Сцены из спектаклей К. Богомолова «Три сестры», «Дракон», «Князь», «Волшебная гора», «Гаргантюа и Пантагрюэль», «Борис Годунов». Сценография Л. Ломакиной. Фото Е. Цветковой
Из театра ушла метафора. Исчезла и метафорическая декорация. Гордятся тем, что стул на сцене стул и больше ничего.
Дмитревская Например, Волкострелов так и говорит: стул на сцене — это стул и ничего больше.
Овэс Пространство популярных сегодня «бродилок» равно само себе: бар бару, улица улице, пустырь пустырю. Декларируют стремление к прямоте, четкости, ясности и однозначности. В профессии художника театра это выражается, на мой взгляд, в приоритете плоскостей. С ними отлично работает петербургский художник В. Фирер. Решает пространство с помощью плоскостей. И в «Гамлете» Ю. Бутусова, и в «Мизантропе» Г. Дитятковского, при всем их внешнем различии.
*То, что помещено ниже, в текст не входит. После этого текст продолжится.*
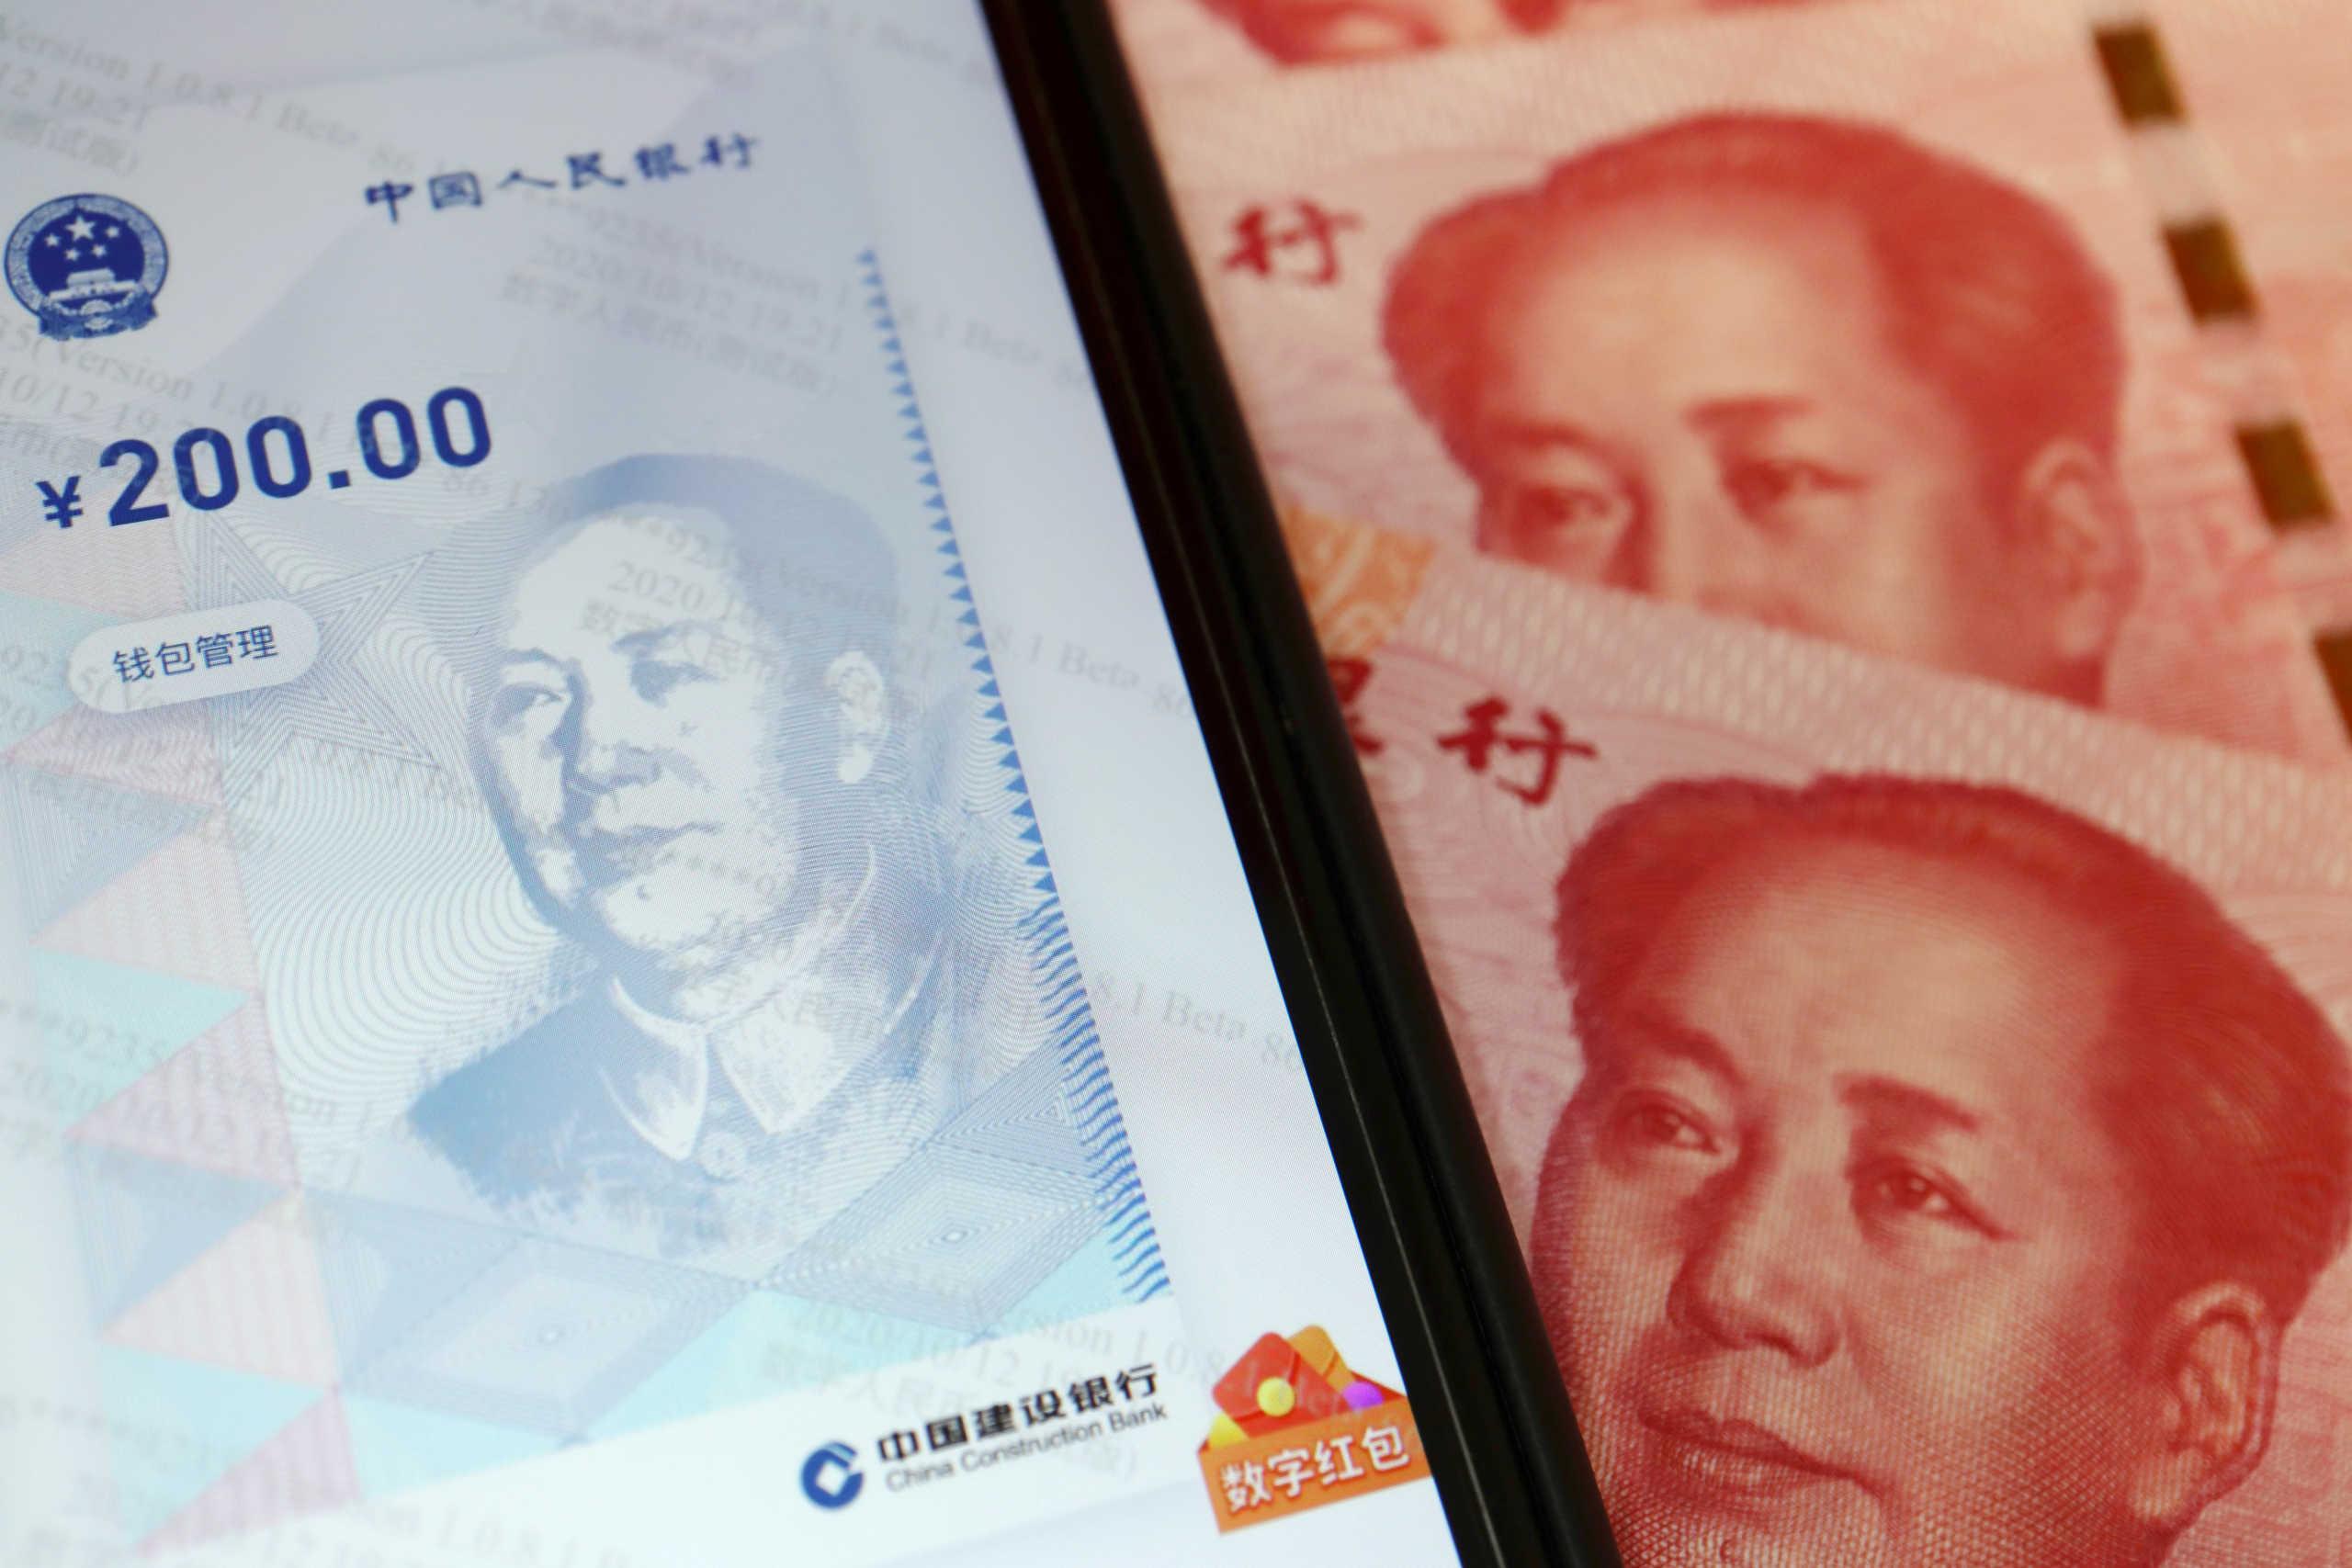 ηλεκτρονικό νόμισμα της Κίνας

Сцены из спектаклей К. Богомолова «Три сестры», «Дракон», «Князь», «Волшебная гора», «Гаргантюа и Пантагрюэль», «Борис Годунов». Сценография Л. Ломакиной. Фото Е. Цветковой
Экран — та же плоскость. Если горит экран — вы смотрите на укрупненное изображение на нем. Значит, вы уже воспринимаете театр через плоскость, а не через пространство, и смыслы, рождающиеся в нем, уходят из поля вашего зрения. Меняются и масштабные соотношения. И в 1920-е годы была, как известно, кинофикация театра, но сейчас беда в другом. Я, как жена телевизионного режиссера, знаю, что смена работы оператора стоит от $ 50 до $ 500 — в зависимости от его квалификации. Я не думаю, что на спектаклях работают вообще операторы, скорее всего, это девочки-мальчики-артисты. Поэтому мало того, что исчезает пространство, — исчезает композиция. Безграмотно построенный или вообще не построенный кадр — одна беда. Есть и другая: сценический свет не учитывает необходимость съемочного света. Все эти новые процессы нуждаются в шлифовке и корректировке. То, что в большинстве своем имеется в театре, под названием онлайн съемка, — крайне непрофессионально. Есть еще одна проблема, которую высвечивают для меня те же «Три сестры» Богомолова. Техника актера в театре и в кино — это совершенно разные вещи. В «Трех сестрах» крупно можно показывать только Дарью Мороз. Остальных экран убивает. Это ошибка режиссера. Вины актеров тут нет никакой.
Дмитревская В «Юбилее ювелира» в том же зале фантастически держали крупный план Табаков и особенно — Тенякова. А в «Чуке и Геке» — Белинская.
Овэс А Семак — нет. Они просто загубили его, дав лицо укрупненно.

Сцены из спектаклей К. Богомолова «Три сестры», «Дракон», «Князь», «Волшебная гора», «Гаргантюа и Пантагрюэль», «Борис Годунов». Сценография Л. Ломакиной. Фото Е. Цветковой
Дмитревская Люба, но уже лет… дцать назад, когда я видела в Фольксбюне «Мастера и Маргариту» Касторфа, — все смотрели только на экран, актеры были задавлены совершенно, даже такой гений, как Вуттке.
Овэс При этом два года назад на международной выставке в Тайване я видела спектакль, какую-то романтическую историю: он и она ехали на велосипедах, а по периметру зала внутри которого сидели и зрители, шла видеопанорама города, и они уже ехали там. Даже без языка я понимала смыслы этого удвоения… На малой сцене РАМТа идет спектакль режиссера Алексея Золотовицкого «Самая легкая лодка в мире». Зрители сидят рядом с действующими актерами, вокруг — лес, озеро, разные пейзажи, и это погружает в атмосферу охоты, на которую приехал герой. Это я понимаю. Конечно, все зависит от меры одаренности создателей спектакля и оправданности примененного приема.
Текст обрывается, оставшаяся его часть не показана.